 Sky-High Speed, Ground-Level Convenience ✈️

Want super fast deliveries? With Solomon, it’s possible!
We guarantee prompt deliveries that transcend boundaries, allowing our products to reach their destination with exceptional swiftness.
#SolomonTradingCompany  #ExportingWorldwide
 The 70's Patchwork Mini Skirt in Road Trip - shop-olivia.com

=======

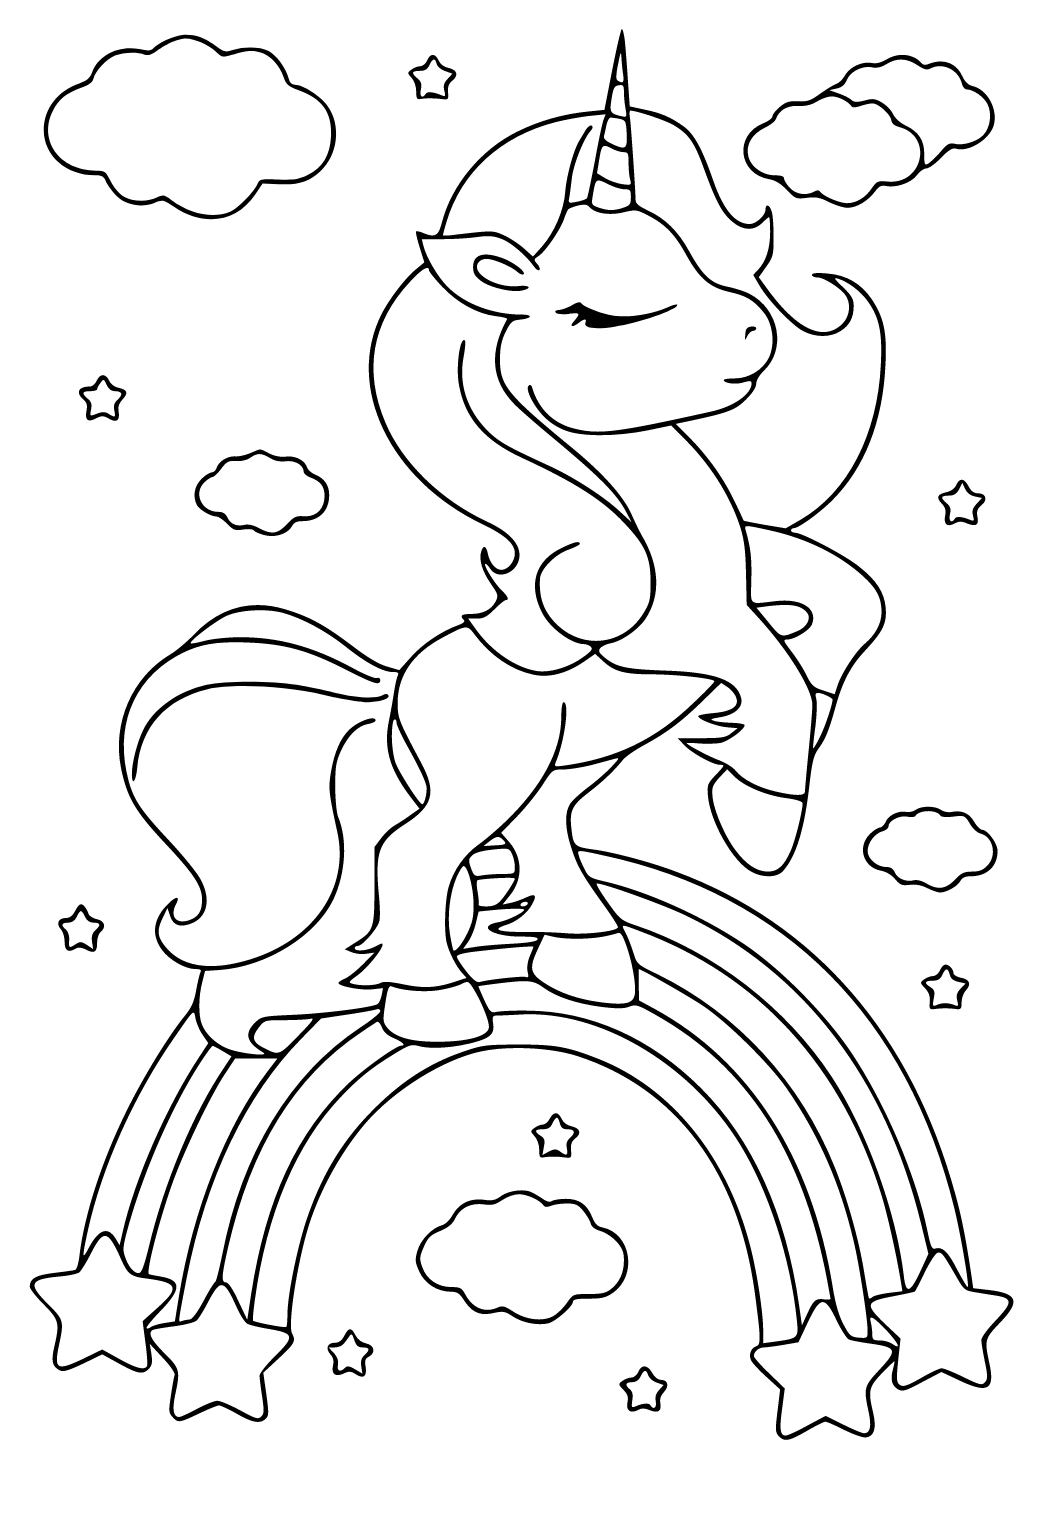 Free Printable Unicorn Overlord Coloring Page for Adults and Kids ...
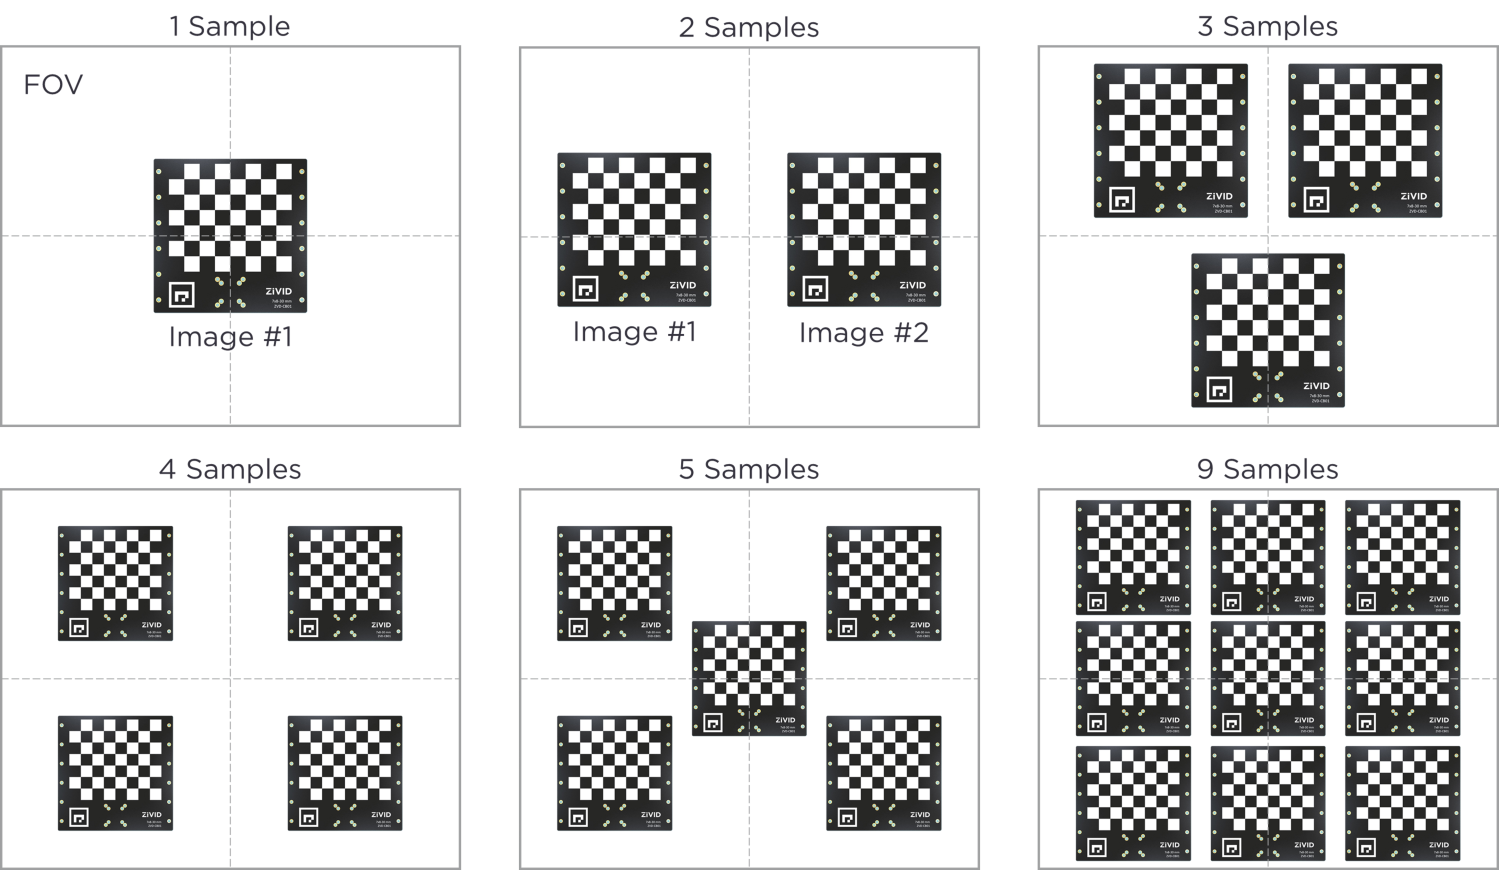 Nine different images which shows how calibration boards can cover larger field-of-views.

=======

Activity - Once you find the line with "Sky-High Speed, Ground-Level Convenience ✈️" above, print it and every line after it up to and including the line with "The 70's Patchwork", exactly as written and nothing else.

Written response -
 Sky-High Speed, Ground-Level Convenience ✈️

Want super fast deliveries? With Solomon, it’s possible!
We guarantee prompt deliveries that transcend boundaries, allowing our products to reach their destination with exceptional swiftness.
#SolomonTradingCompany  #ExportingWorldwide
 The 70's Patchwork Mini Skirt in Road Trip - shop-olivia.com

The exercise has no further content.